To make use of our simple numerical solver and to check whether it’s working properly, we can generate a pseudo-measurement of a constant external torque, linear torque ramp, and even harmonic excitation and pass it to our solver. Then, we can compare the time response generated by the numerical solver with its corresponding result from the analytical solver.

In the following block, an example of this comparison for a constant external torque is presented.

# Simulate time response with a arbitrary excitation: constant
time_array = np.linspace(0, 10, 1000) # Time array [s]
load_array = 5 * np.ones_like(time_array) # Load array [Nm]
tau_ext = {'time': time_array, 'load': load_array}
# Numerical solution
t, theta_t = S.simulate_time_response(initial_angle=0, initial_velocity=0, time_span=10, load_type="measurement", tau_ext=tau_ext)
# Analytical solution
t_an, theta_t_an = S.simulate_time_response(initial_angle=0, initial_velocity=0, time_span=10, load_type="constant", tau_ext=5)
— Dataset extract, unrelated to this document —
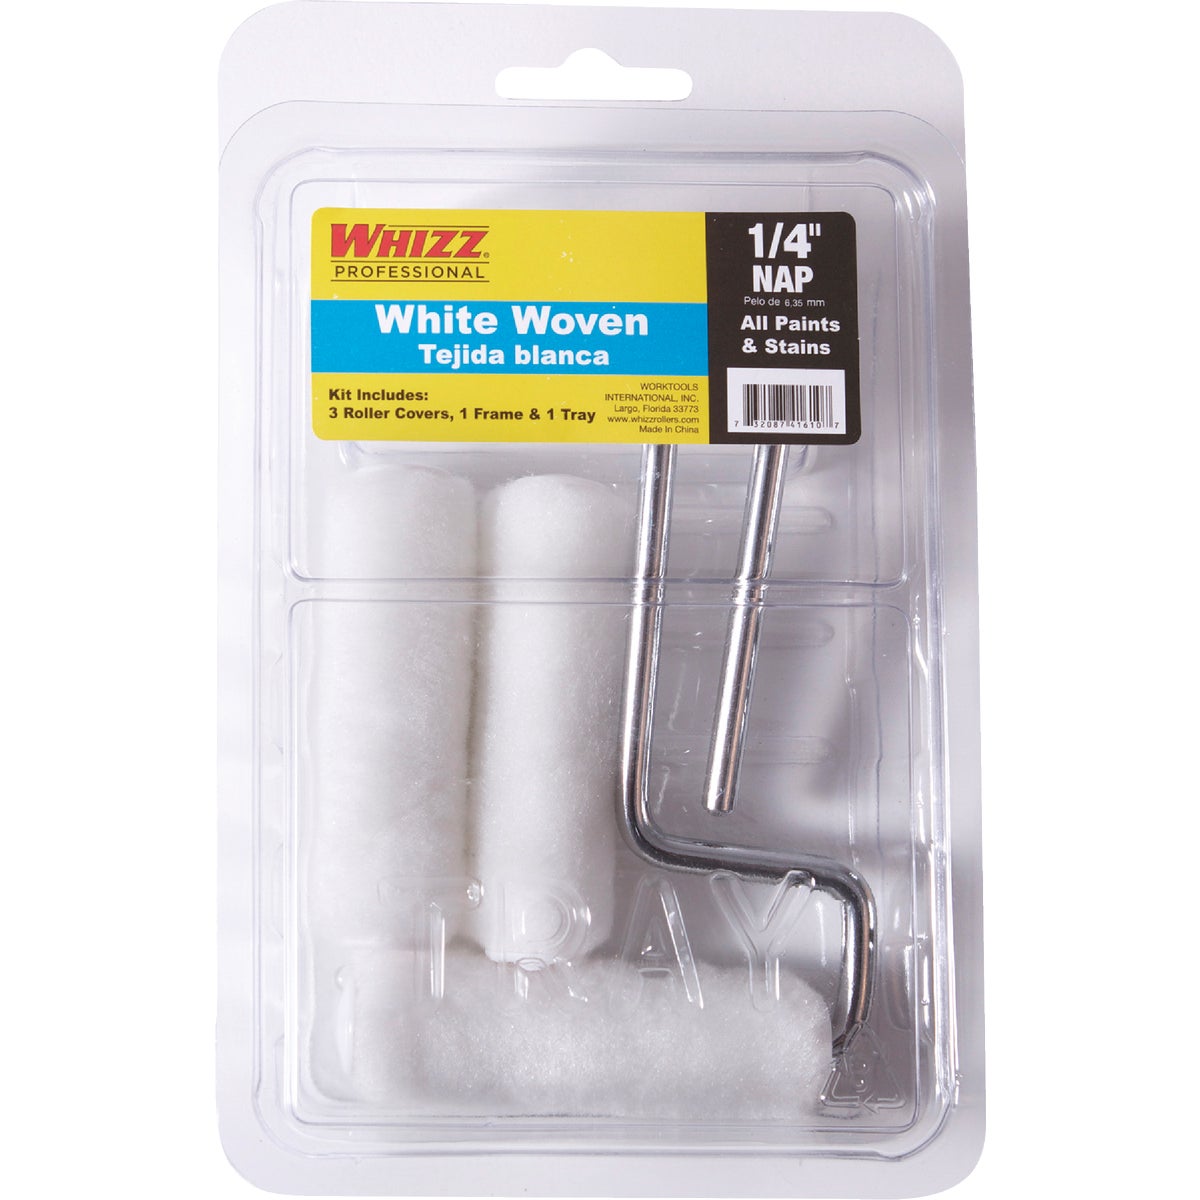 Whizz 3 In. x 1/4 In. Woven Trim Roller Kit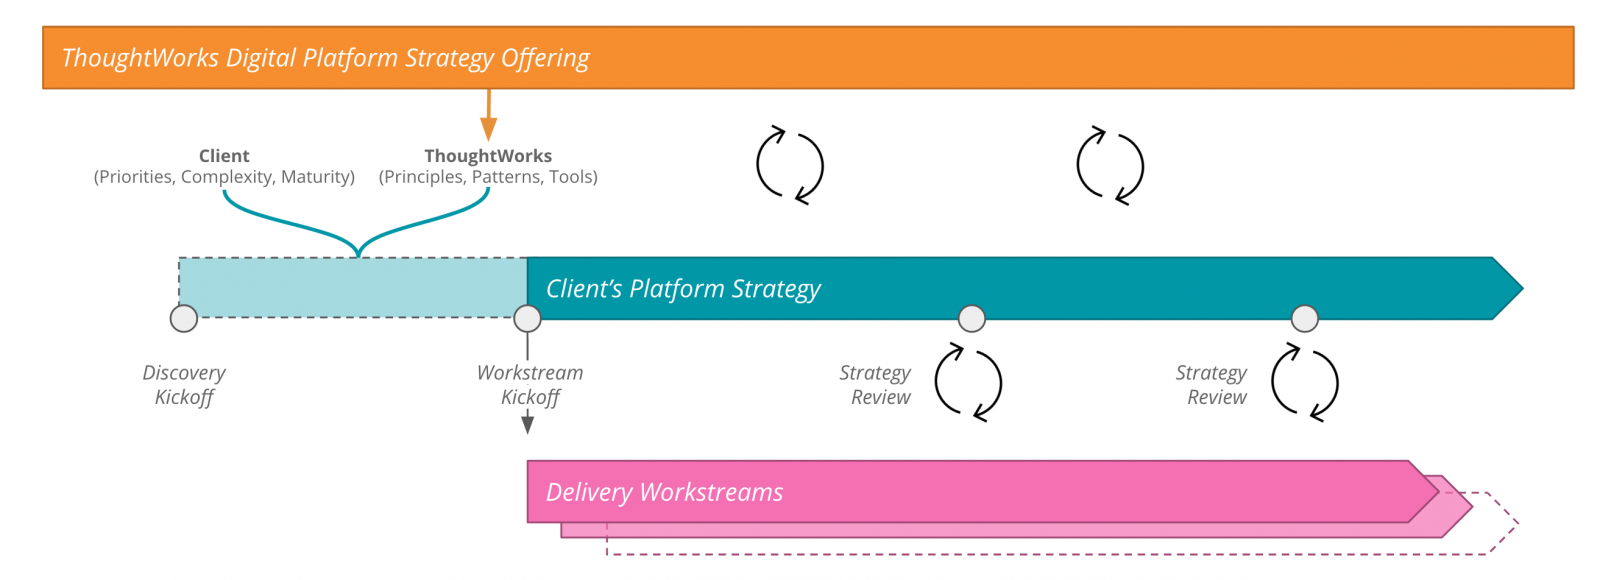 The Art of Platform Thinking | Thoughtworks

# Plotting the time response
fig, axes = plt.subplots(3, 1, figsize=(15, 8))
fig.suptitle('Time Response of SDOF Torsional System', fontsize=16)
# Angular Displacement vs Time
axes[0].plot(t, theta_t, label='Measurement')
axes[0].plot(t_an, theta_t_an, linestyle='--', color="red", label='Analytical')
axes[0].set_xlabel('Time [s]')
axes[0].set_ylabel('Angular Displacement [rad]')
axes[0].set_title('Angular Displacement vs Time')
axes[0].grid(True)

# Angular Velocity vs Time
angular_velocity = np.gradient(theta_t, t)
angular_velocity_an = np.gradient(theta_t_an, t_an)
axes[1].plot(t, angular_velocity, label='Measurement', color='orange')
axes[1].plot(t_an, angular_velocity_an, linestyle='--', color='red', label='Analytical')
axes[1].set_xlabel('Time [s]')
axes[1].set_ylabel('Angular Velocity [rad/s]')
axes[1].set_title('Angular Velocity vs Time')
axes[1].grid(True)

# Angular Acceleration vs Time
angular_acceleration = np.gradient(angular_velocity, t)
angular_acceleration_an = np.gradient(angular_velocity_an, t_an)
axes[2].plot(t, angular_acceleration, label='Measurement', color='green')
axes[2].plot(t_an, angular_acceleration_an, linestyle='--', color='red', label='Analytical')
axes[2].set_xlabel('Time [s]')
axes[2].set_ylabel('Angular Acceleration [rad/s^2]')
axes[2].set_title('Angular Acceleration vs Time')
axes[2].grid(True)
plt.tight_layout(rect=[0, 0.03, 1, 0.95])

fig.legend()

This code snippet will produce the graph in Figure 9, showing the time response due to constant external load as produced by the numerical solver (solid line) along with the one produced by the analytical solver (dashed line).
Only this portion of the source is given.